Predictably, the New York Times has come down on the side of Columbia University in commenting on the Kaur case in which the New York Appellate Division struck down Columbia’s effort to acquire land in Manhattanville for the expansion of its campus. The editorial is at http://www.nytimes.com/2009/12/14/opinion/14mon3.html?_r=1&ref=opinion
Much could be said about what’s wrong with the Times’ take on this subject. But for now, suffice it to say that the Times editorial argues that the Kaur decision is “out of step with eminent domain law,” when in fact the Appellate Division opinion is largely fact-based. It does not purport to overrule New York law. It only takes note of the faulty procedures used by Columbia, the condemnor (N.Y. Empire State Development Corporation), and their consultants, and the lack of a factual predicate for the desired taking. New York law may permit the condemnation of blighted urban land, but the land must first be determined to be blighted, and that determination must be based on properly established facts, not on a condemnor’s or an influential redeveloper’s desire to seize somebondy else’s land and build on it. And that’s where the Times editorial goes wrong. The Kaur opinion makes clear that Columbia and its allies simply set out to take the subject land but never established properly that it was blighted. This caper brings to mind Justice Holmes’ famous observation in the Pennsylvania Coal case that the fact that the public may want something very much is not a proper basis for taking constitutional shortcuts. In this case, it isn’t even the public — it’s Columbia, a private elite educational institution that tries to gain by taking unfair advantage of property owners in the area it covets.
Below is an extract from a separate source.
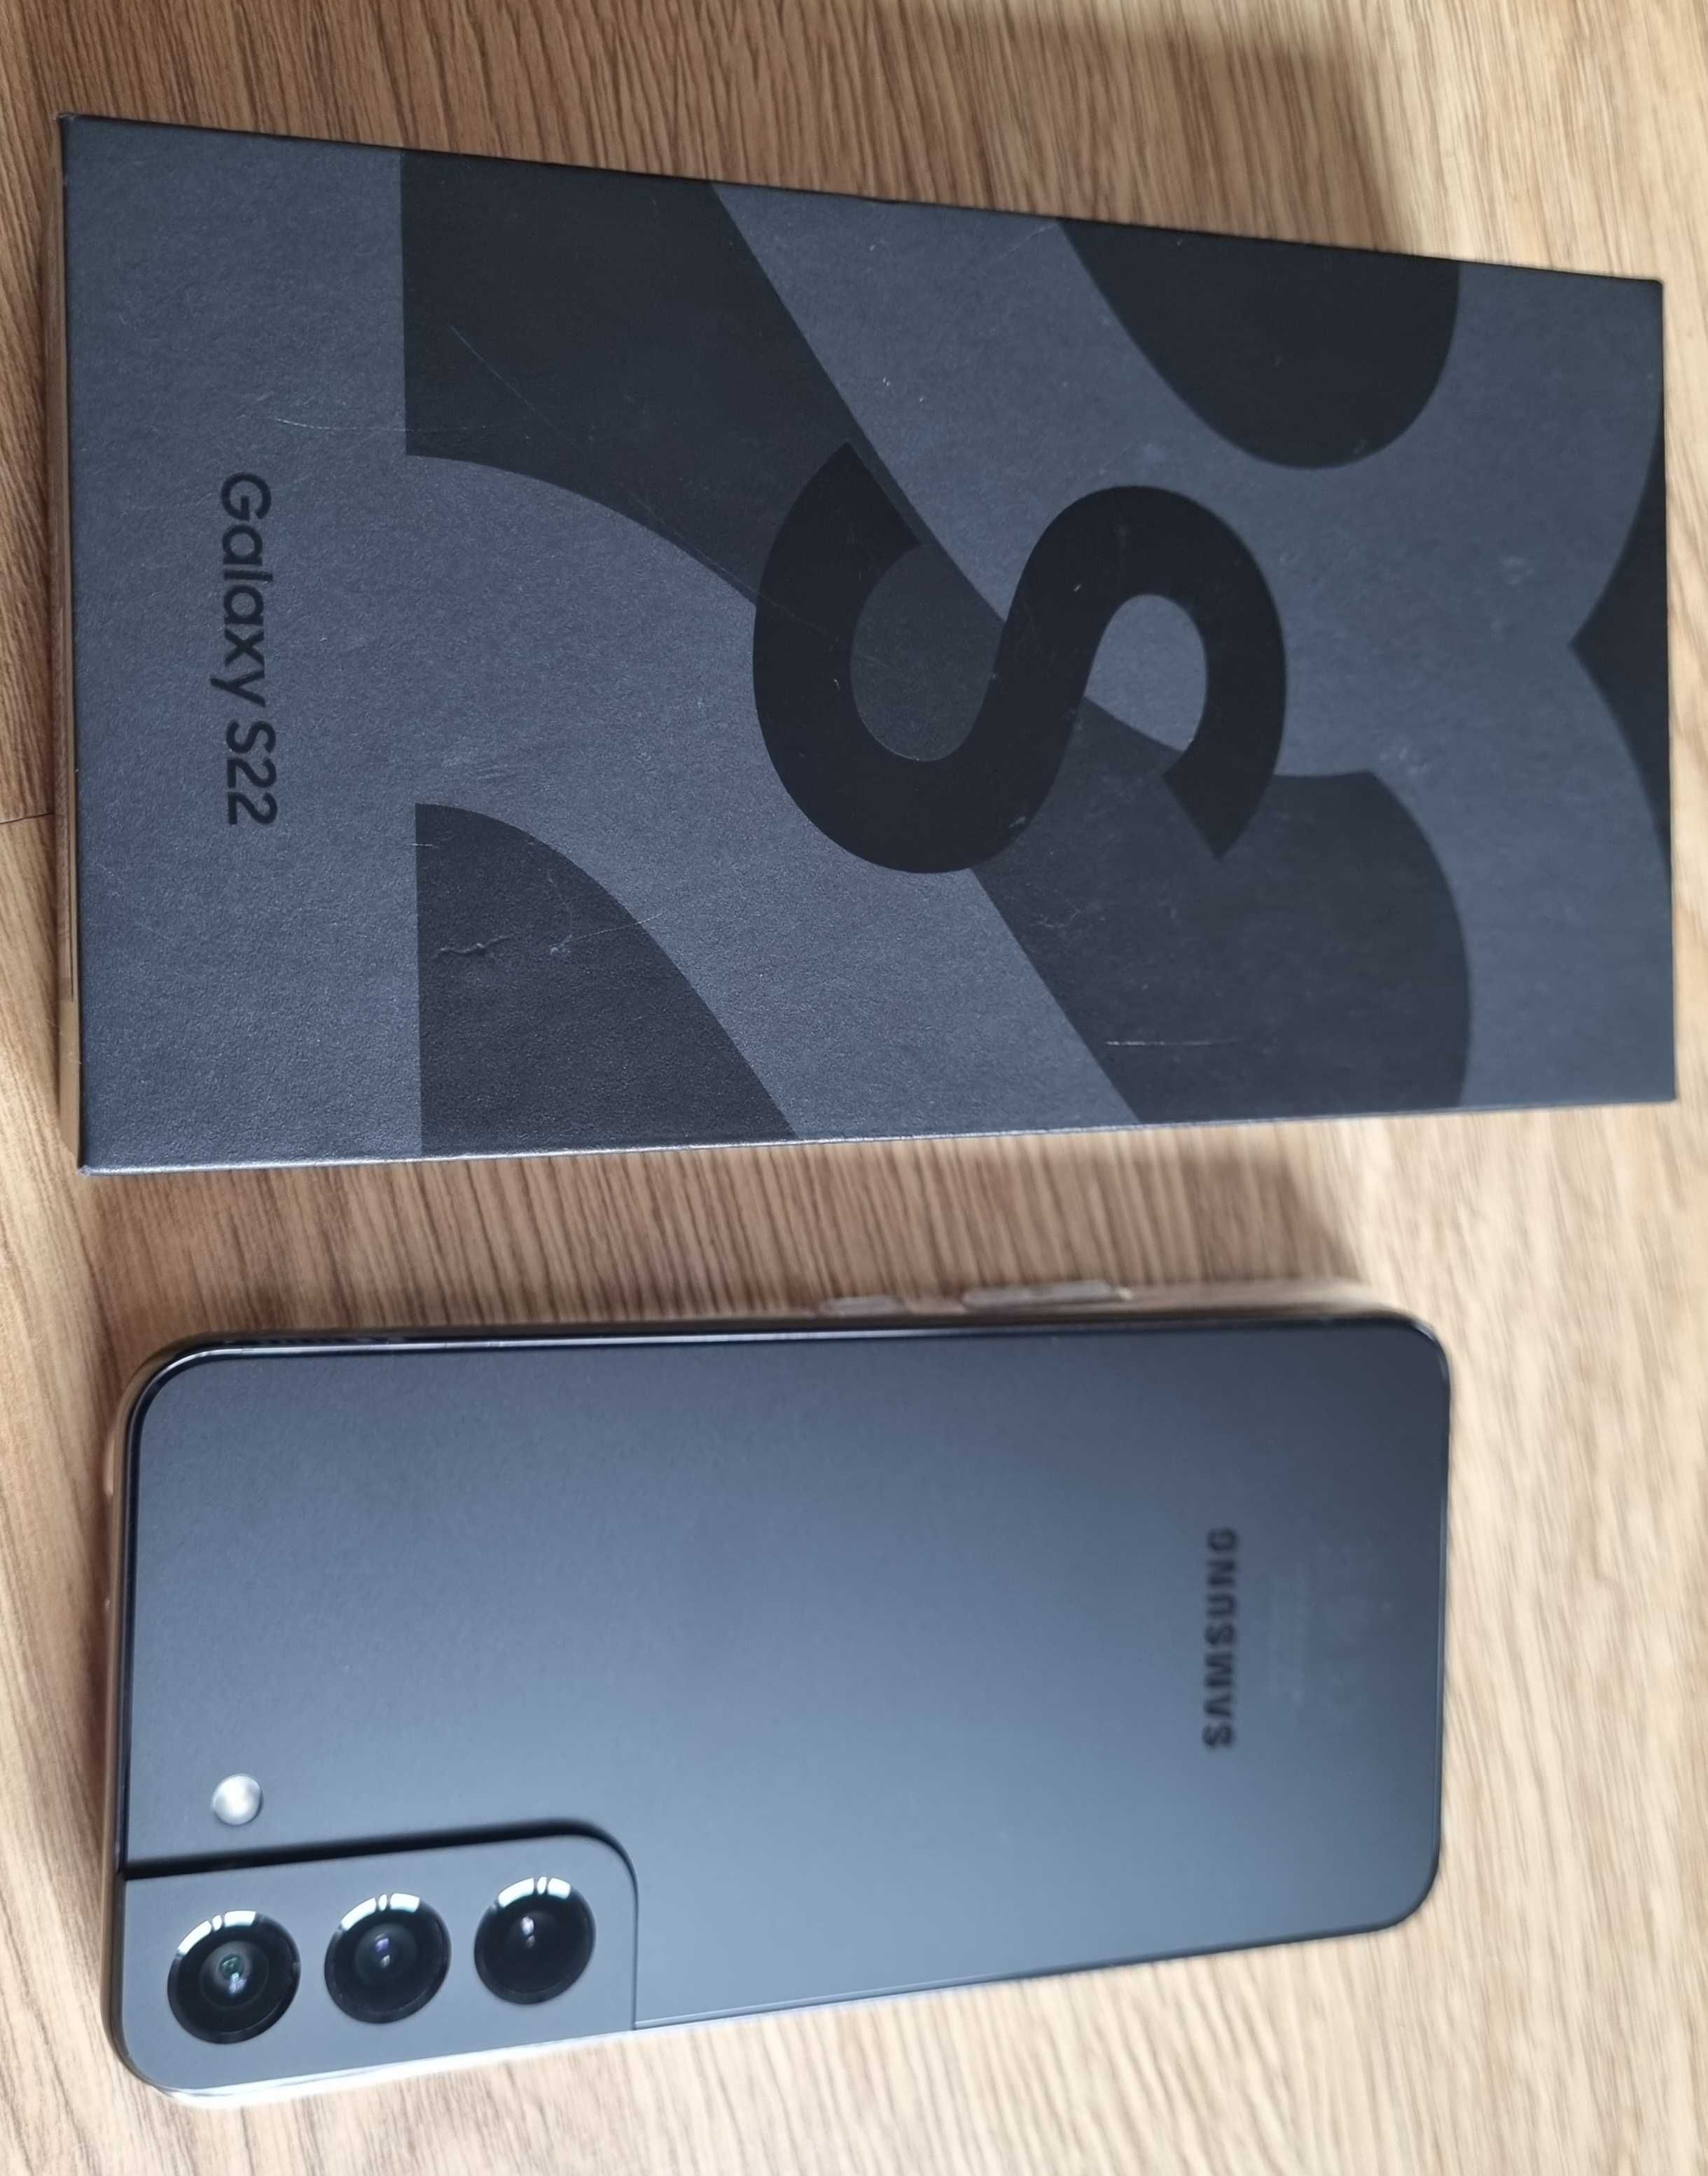 Nowy Samsung Galaxy S22 5g 256 czarny zamiana okazja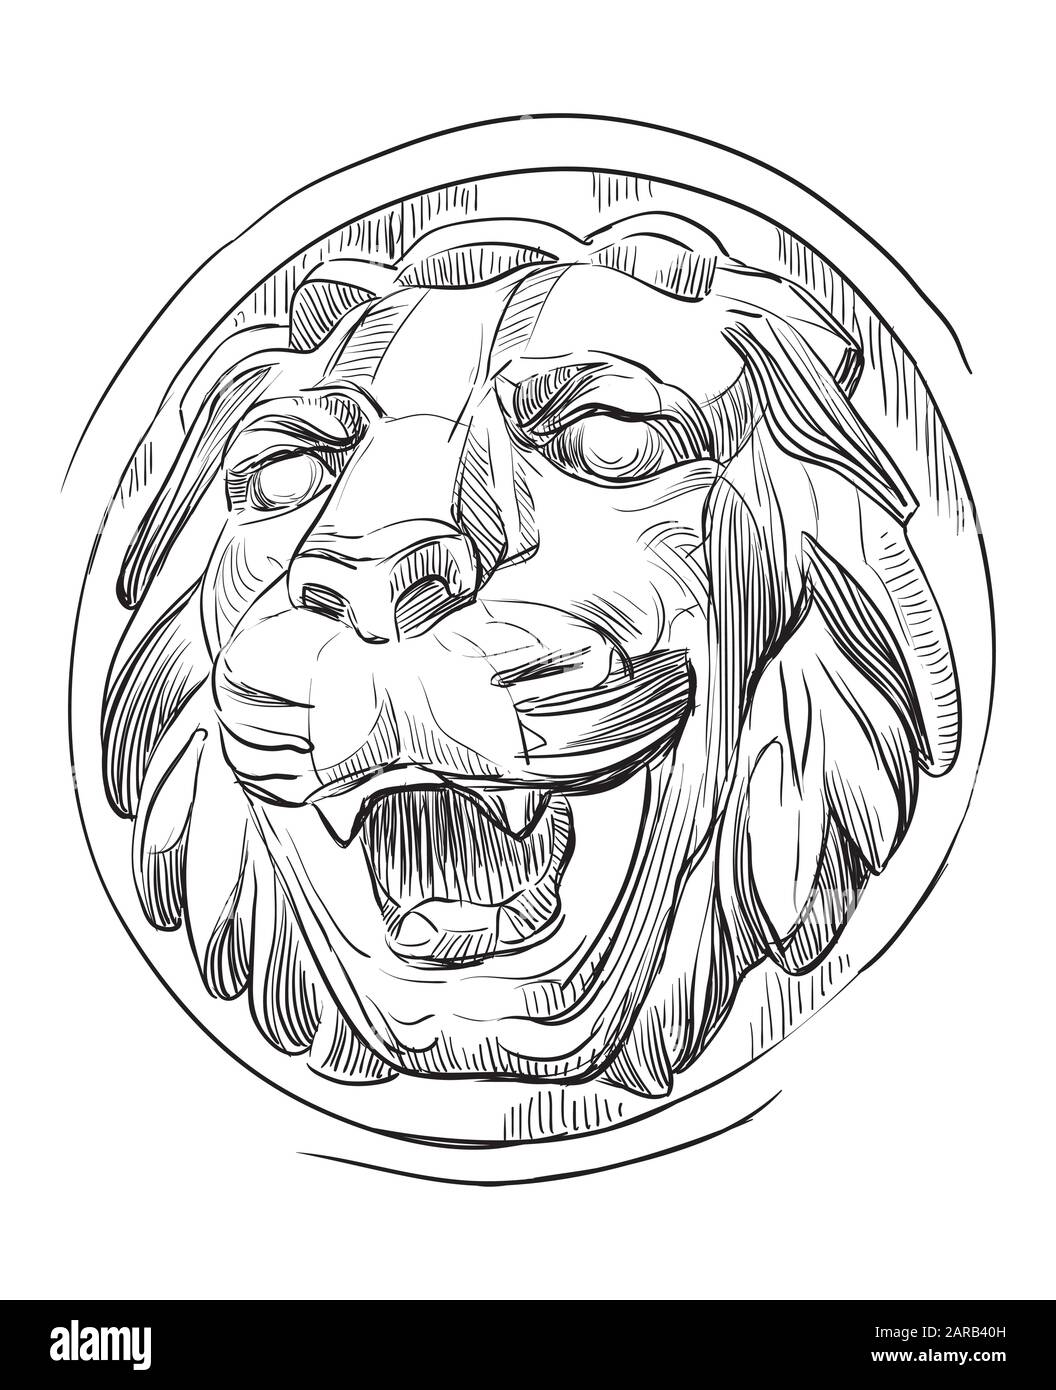 Antico bassorilievo in pietra a forma di testa di leone a bocca aperta, disegno vettoriale a mano in colore nero isolato su sfondo bianco Illustrazione Vettoriale

Perhaps more important, the Times editorial fails to note the the Times has a conflict of interest here. The Times is itself a beneficiary of a redevelopment taking. Its headquarters are located on a site that was condemned by the New York State Urban Development Corporation, the same condemnor that is now trying to do Columbia’s bidding in Manhattanville. The Times got a sweetheart deal on that one, that included public subsisdies running into tens of millions of dollars. See West 41st Street Realty, LLC v. N.Y. State Urban Dev. Corp., 744 N.Y.S. 121 (N.Y.App.Div. 2002). You can read about the aftermath of that taking, and how poetic justice was eventually meted out to the Times, in our article, Bad News for the Times, Los Angeles Daily Journal, March 20, 2009, at p. 6.
That conflict of interest did not prevent the Times from cheering editorially for the wretched Kelo decison when it came down in 2005, but at least the Times had the decency at that time to point out its conflict of interest. This time it hasn’t bothered to do so — this particular conflict of interest evidently is not considered fit to print. Whatever happened to the journalistic mantra that the public has a right to know?